There’s a ruin next to my house, just like the one I write about in the story, it’s not as grand but I enjoy going there. It’s peace, it’s the only place I’m allowed to go without my mum. That’s probably the only reason I like it. I’m going there now, riding on my bicycle, not going too quickly for fear of transforming, but moving quickly enough to feel the breeze on my face. Riding the bike makes it feel as though I’m gliding, rushing down the hill, nothing else to think about, not even my disease enters my thoughts. When I reach the ruins I think about my mum and how it would be so much better if I wasn’t there, everyone says that, but it’s true. She wouldn’t have to look after me and constantly work, she could find someone she loves and start a new family, a new life. She could be free, like the girl in my story. I know I want to be that girl. I sit by the lake and watch the swallows dancing in the evening sun, the geese fly overhead, and the pigeons coo in the trees across the lake. I’d even drop everything to become a pigeon, I don’t have to be some great big bird. I can be a pigeon… Yeah, I’d be happy with that. I would even be a seagull.
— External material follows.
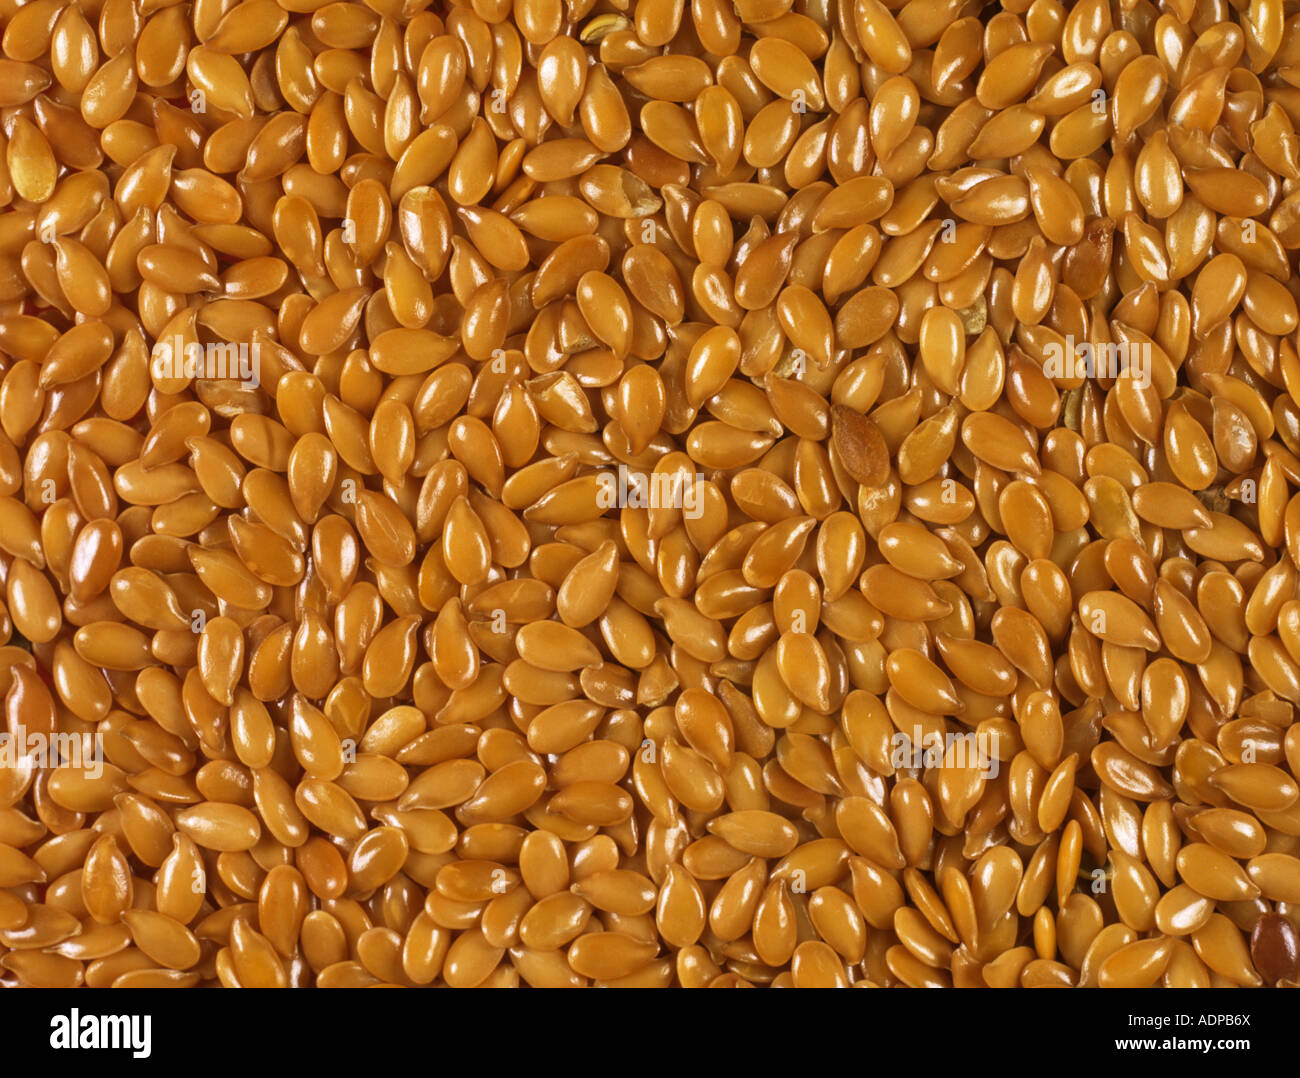 Goldenen Leinsamen oder Leinsamen verwendet in der Küche und gesunde Lebensmittel Stockfoto

And then I have a thought, maybe if I try hard enough I can fly. The endless wishing, thinking, jumping and silly wishy-washy incantations are to proceed that thought. I jump and jump and jump and jump. And then I don’t, not anymore.

So this is what it feels like to be free.


*


Maisie Brolls was announced dead on the 31st of April 2018, age 14 at the ruins of a castle next to her house. She had a severe case of a skull-based cancer tumour outside of her skull that made her head look slightly enlarged and due to treatment she had a lack of hair. We’re talking to her friend Iris about the impact that this disease brought to her life.”

“Hi, ummm, thank you… Maisie would always talk about death as if it was some sort of transformation in life, every time you die you’d have a new outlook on life. She’d been on her death bed so many times she knew what it was like. Maisie didn’t feel as though she belonged in this world, people talked to her as though she was an object, and then she started seeing herself that way. Because she was different she didn’t matter. I thought she did, she loved writing and always talked about being ‘free’, now that she has transformed she is free, she will be forever.”